#### [Exercise]
All lines from the one containing "Missionshandlun - Neufs" through the end of the material are to be given back exactly, without pictures.

#### [Material provided]
● ● ● ● ● ● ●

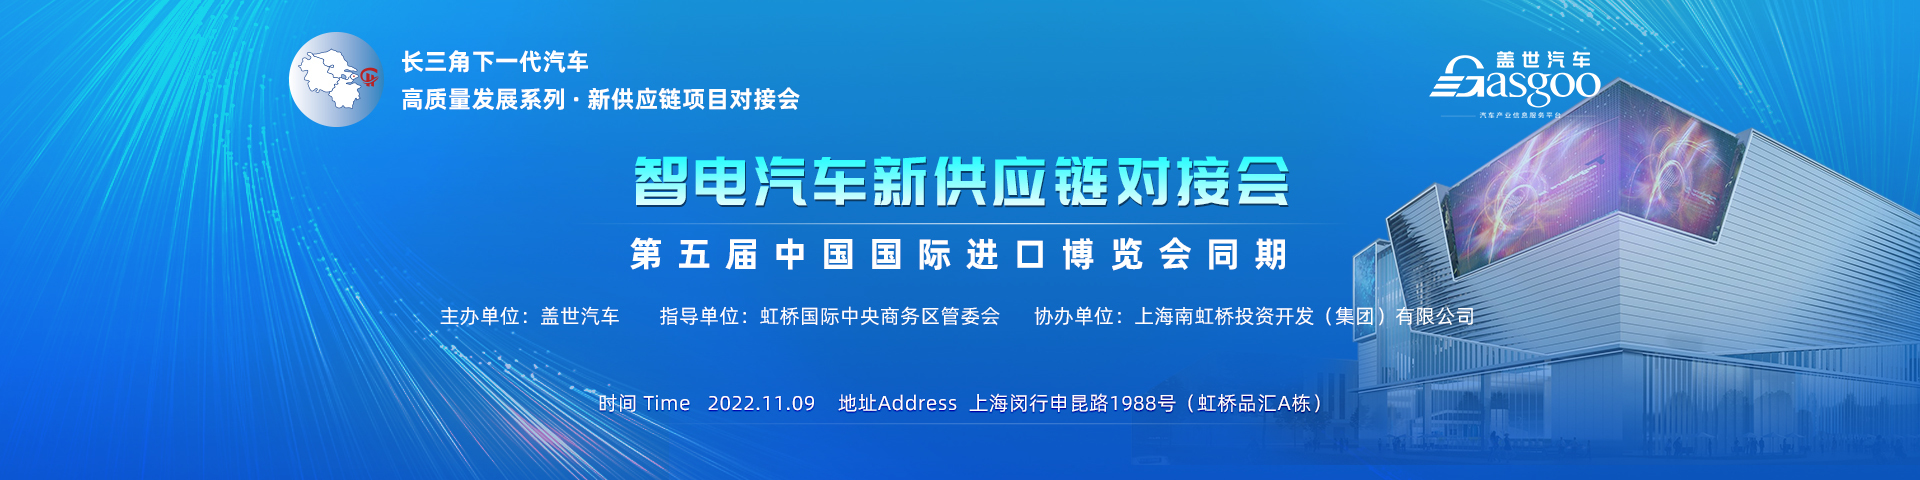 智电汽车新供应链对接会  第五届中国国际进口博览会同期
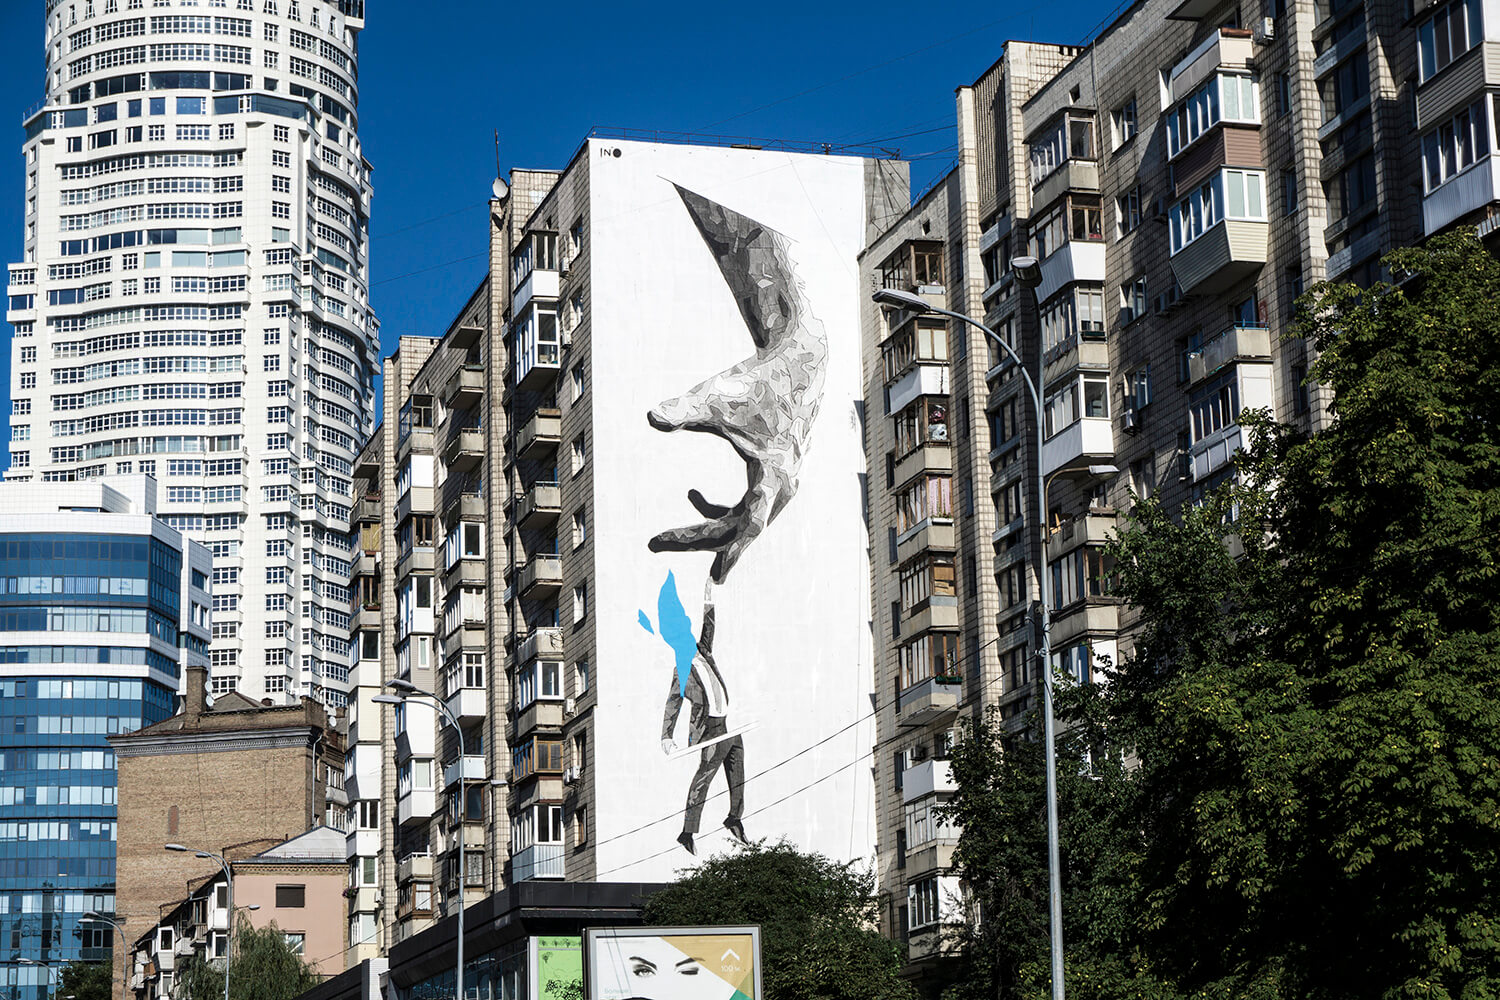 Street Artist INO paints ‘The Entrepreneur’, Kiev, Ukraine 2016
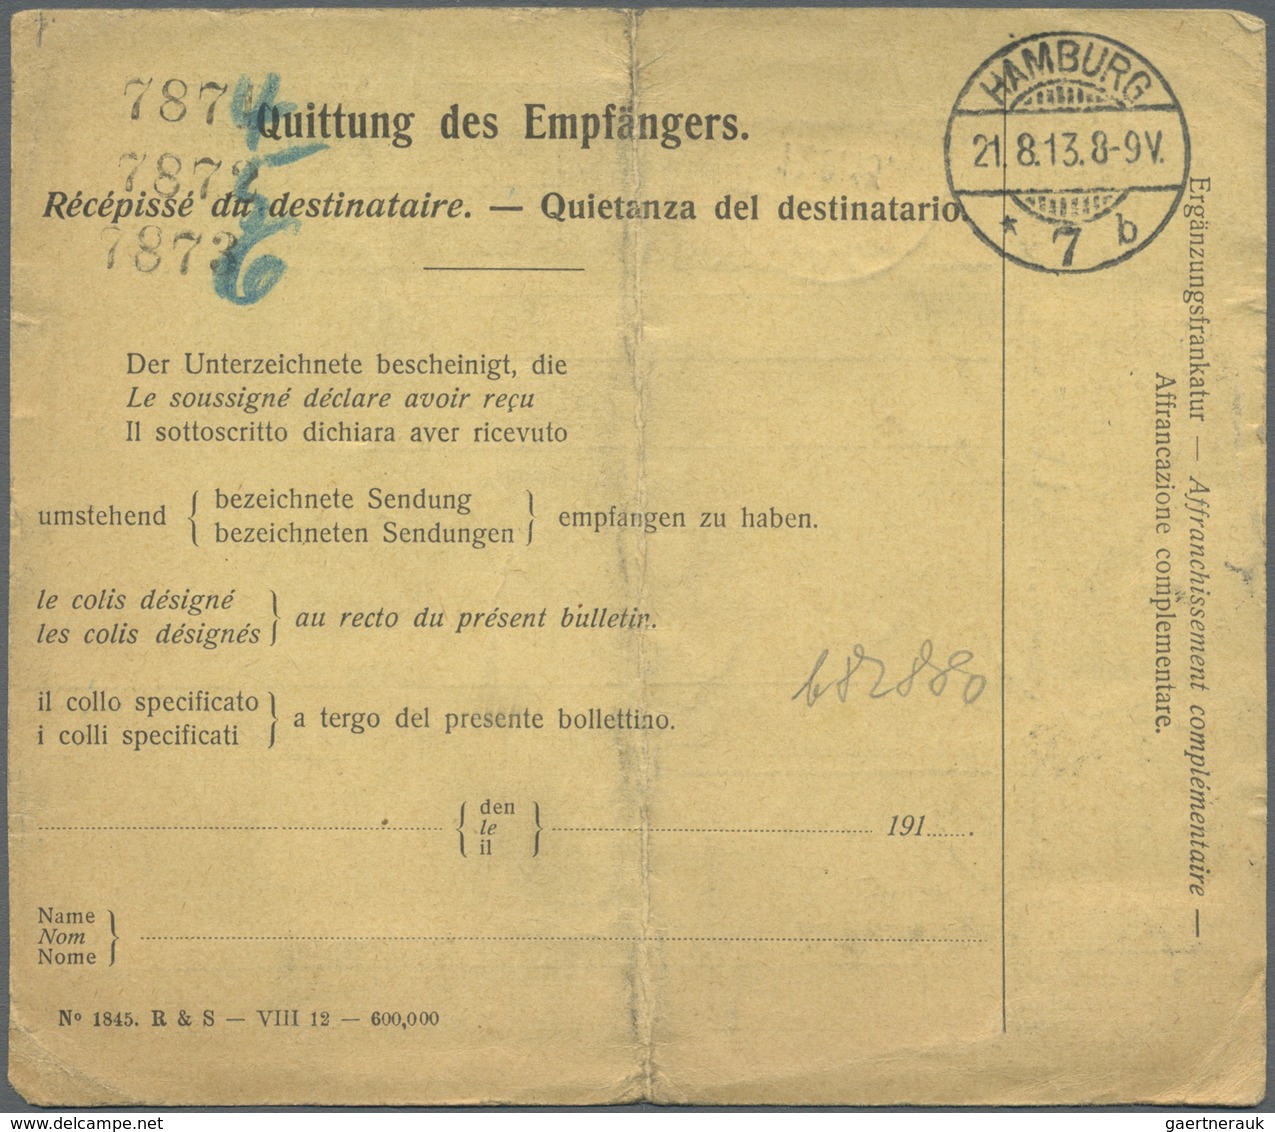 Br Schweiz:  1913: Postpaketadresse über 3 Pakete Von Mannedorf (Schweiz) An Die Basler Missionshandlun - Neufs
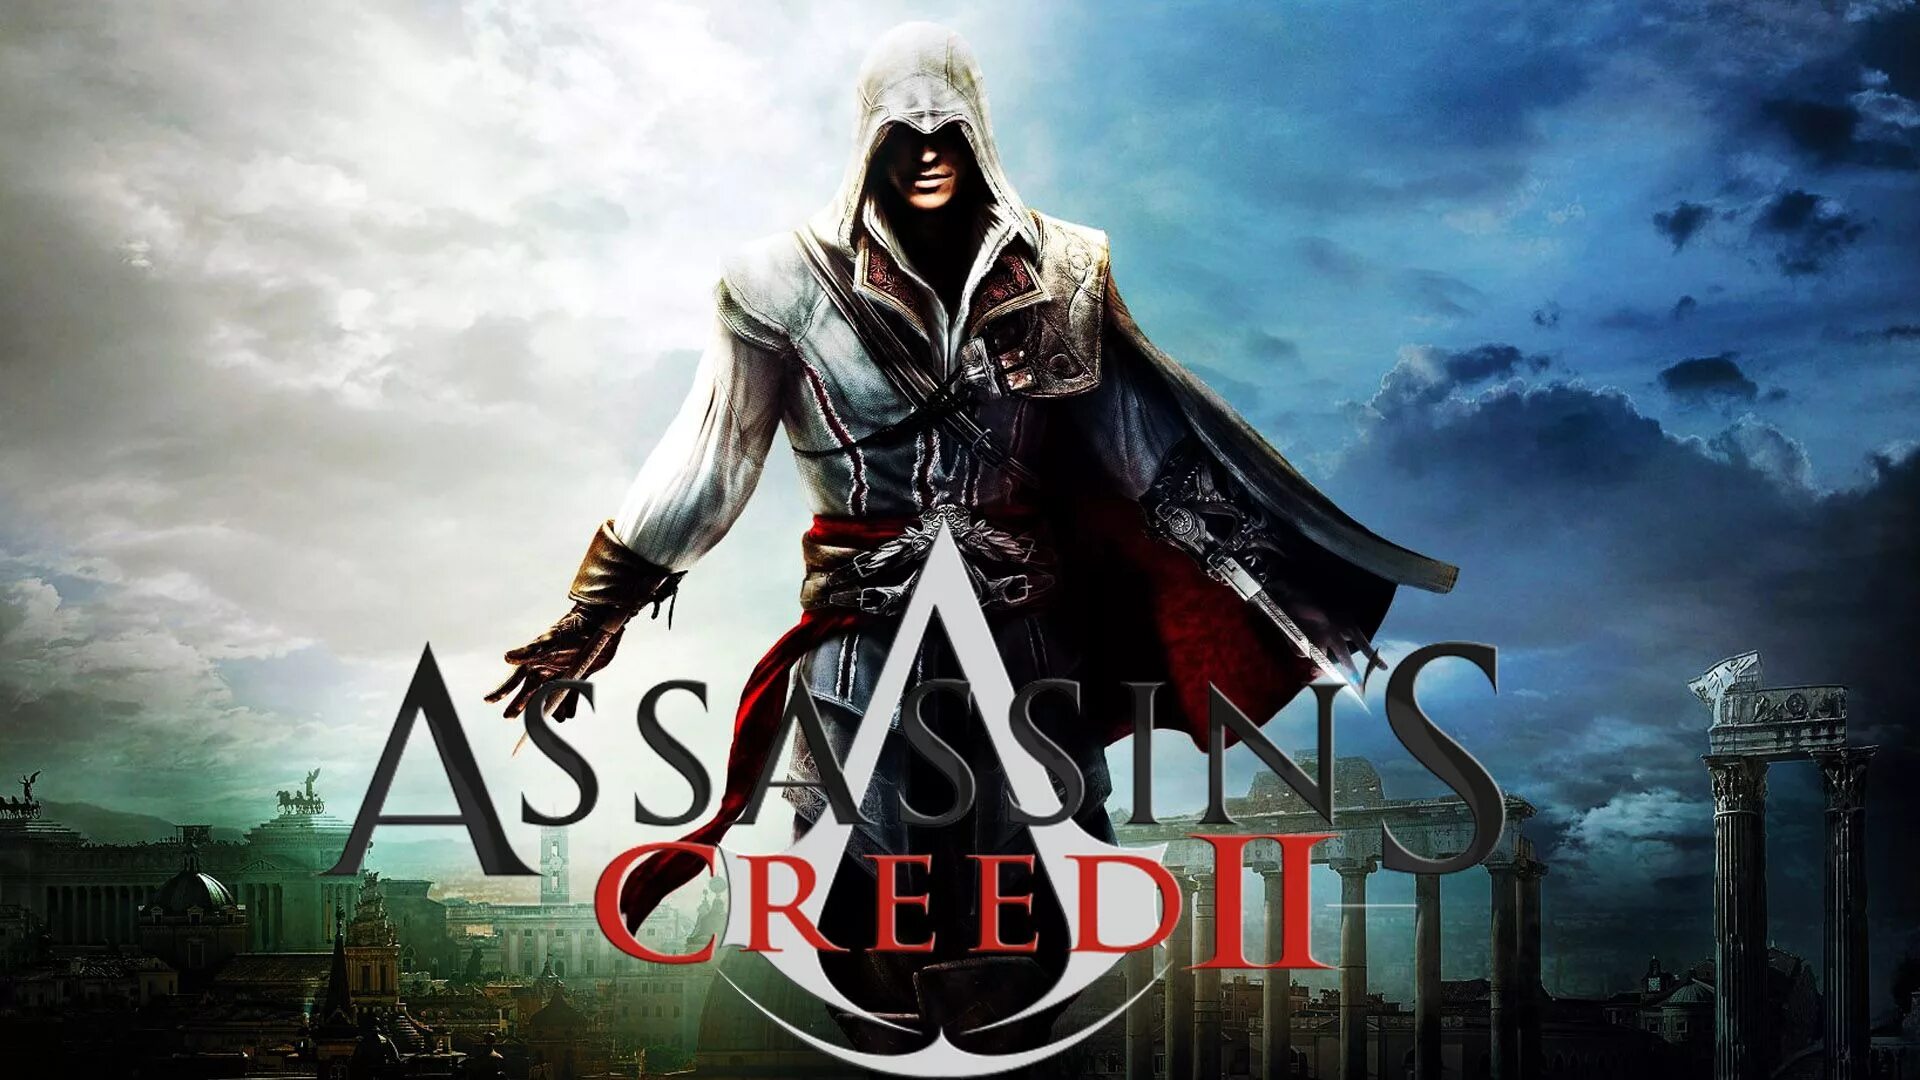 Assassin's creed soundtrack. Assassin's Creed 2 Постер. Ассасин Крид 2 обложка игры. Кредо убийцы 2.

● ● ● ● ● ● ●

#### [Expected answer]
 Br Schweiz:  1913: Postpaketadresse über 3 Pakete Von Mannedorf (Schweiz) An Die Basler Missionshandlun - Neufs
 Assassin's creed soundtrack. Assassin's Creed 2 Постер. Ассасин Крид 2 обложка игры. Кредо убийцы 2.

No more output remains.